By Danilo Masoni and Elisa Anzolin
MILAN (Reuters) – Investment banking in Italy will see selective mergers and acquisitions, bank capital hikes and a pick-up in corporate bonds in 2012, after activity slowed in the last six months, the head of investment banking at Intesa Sanpaolo unit Banca IMI said.
“Next year will not be very lively. There will not be an explosion of business but activity will be very selective and investment decisions well-researched,” Andrea Mayr told Reuters in an interview.
However low company valuations may create “a lot of opportunities for the more solid players,” he added.
Private equity funds may seek a way out of their investments before financing for a number of leveraged buy-out deals expires in 2013 and 2014, underpinning merger and acquisitions, he said.
Another factor supporting M&A could come from companies in financial trouble divesting non-core operations, he said.
Mayr said he expected capital increases mainly in the banking sector, as lenders comply with stricter European capital requirements.
“On the equity front there will certainly be a series of capital hike operations, particularly among banks in Europe and in Italy.”
Mayr also said it would be possible to see a recovery in corporate bond issues in 2012.

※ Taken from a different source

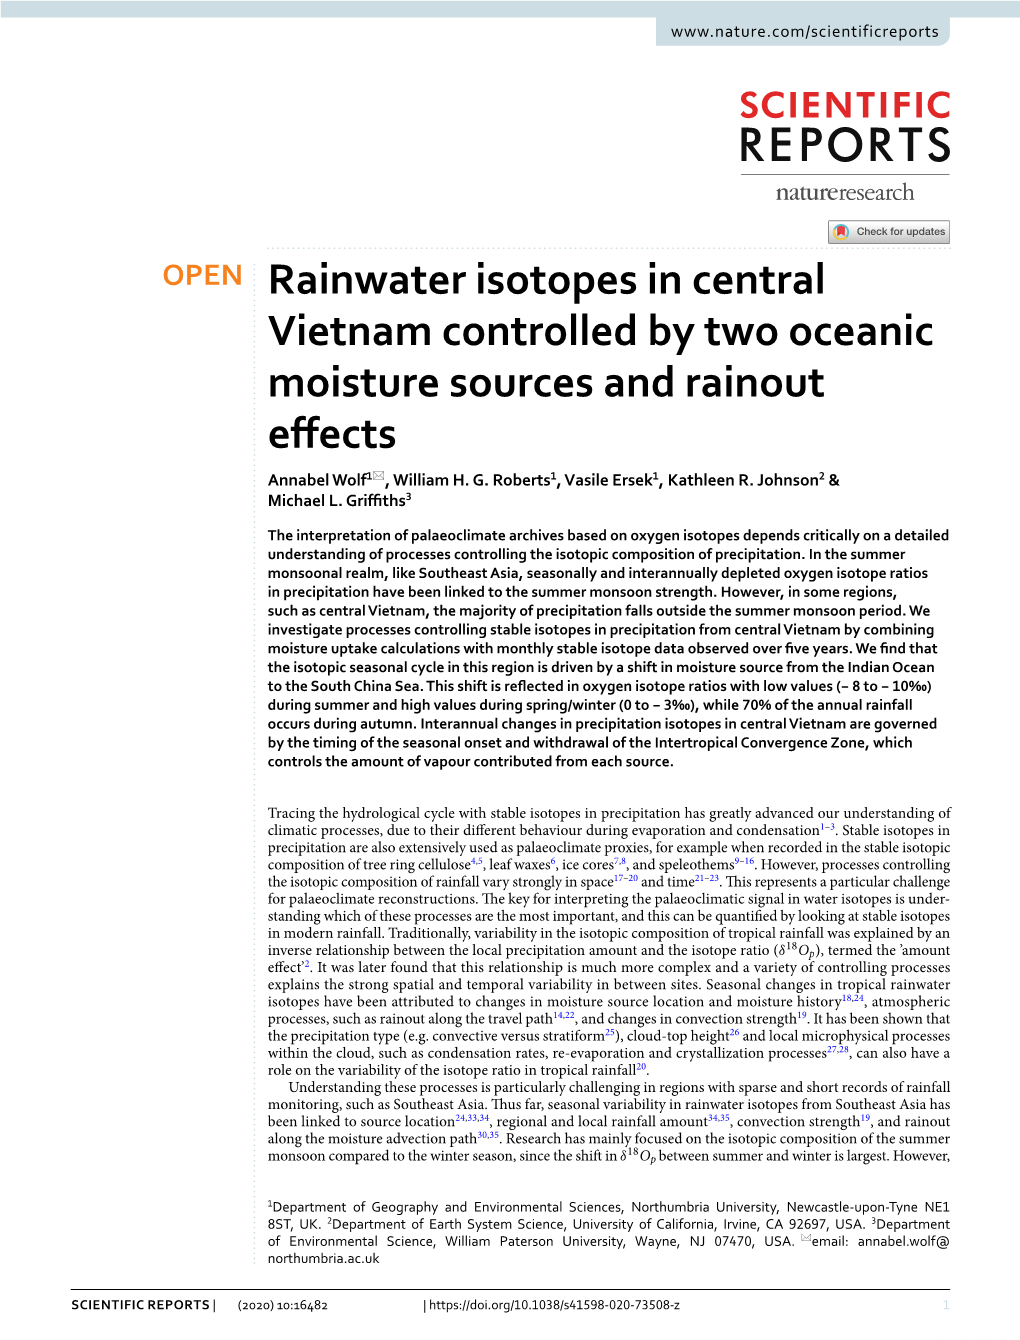 Rainwater Isotopes in Central Vietnam Controlled by Two Oceanic Moisture Sources and Rainout Efects Annabel Wolf1*, William H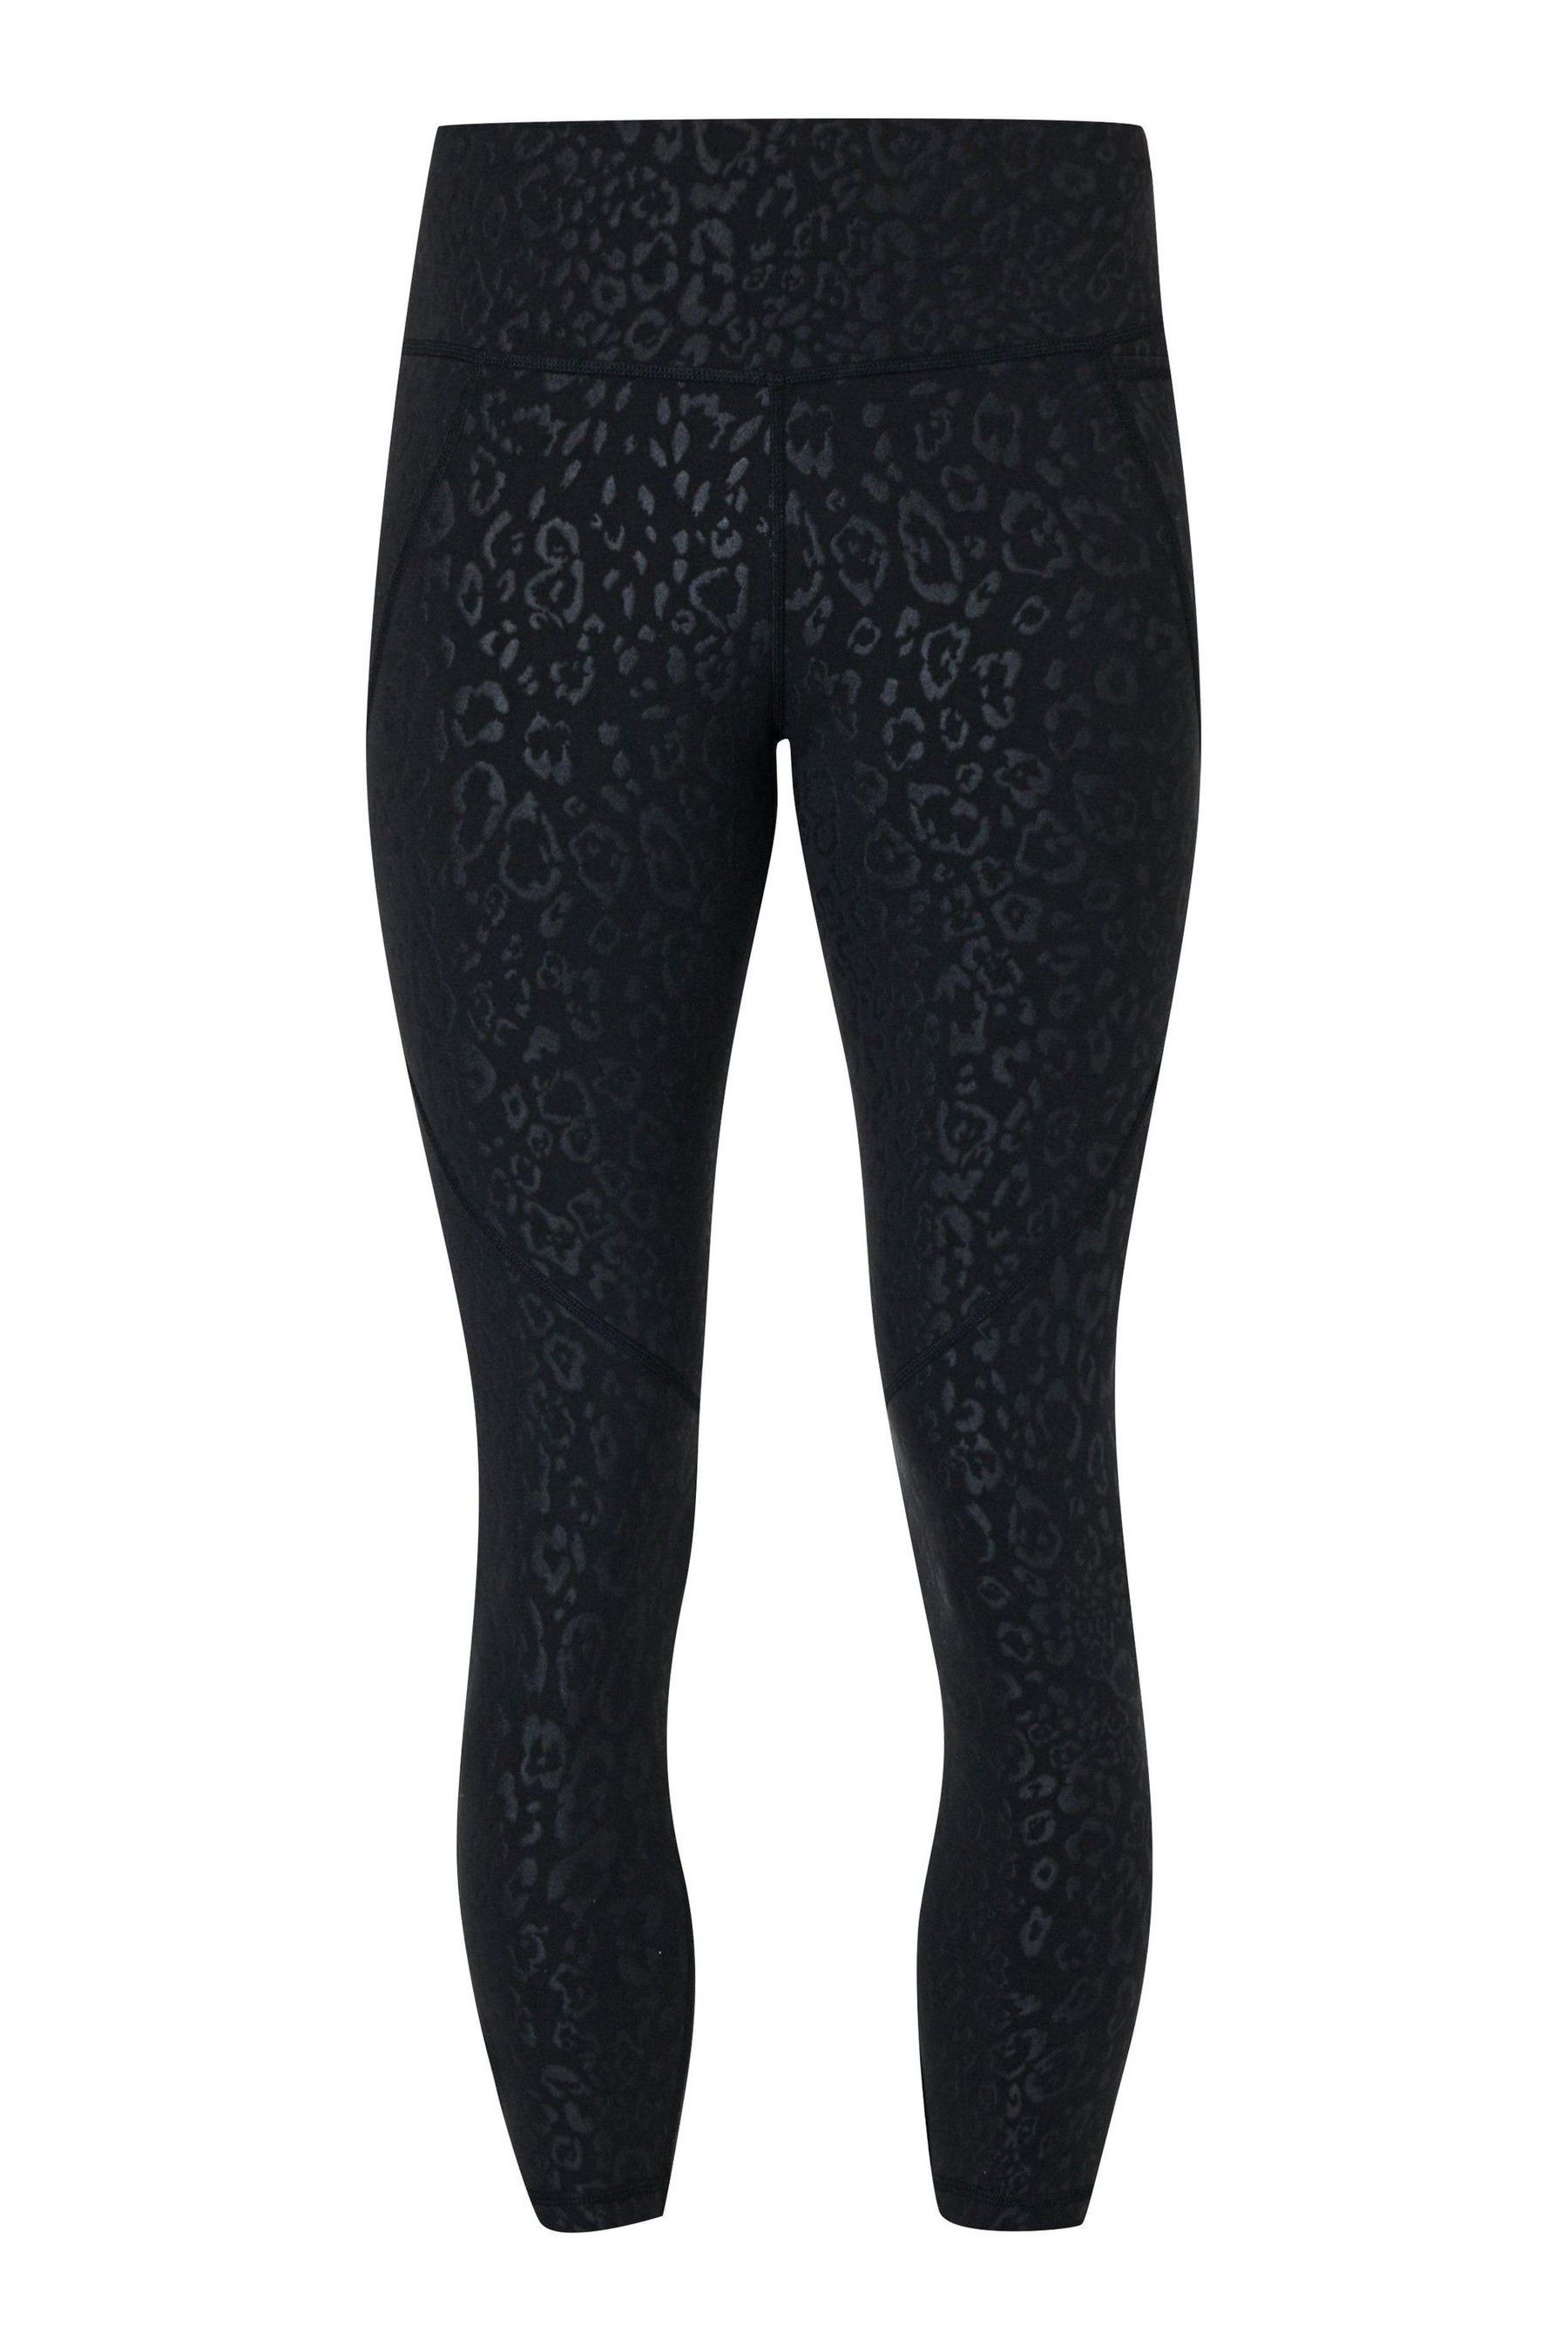 Activewear leggings - Subtle navy blue leopard print and black - Designed  for running, gym and cycling - Quality shape enhancing quick-drying fabric  - LPRD

“The bulk will come from industrial groups. There are 70 billion euros (58 billion pounds) of corporate issues expiring in Europe which we think will be refinanced. New issues could bring the total issues to 100 billion euros,” he said.
Mayr said Banca IMI was quite active in operations where U.S. investors like pension funds buy a portion of the long-term debt of solid and diversified industrial companies.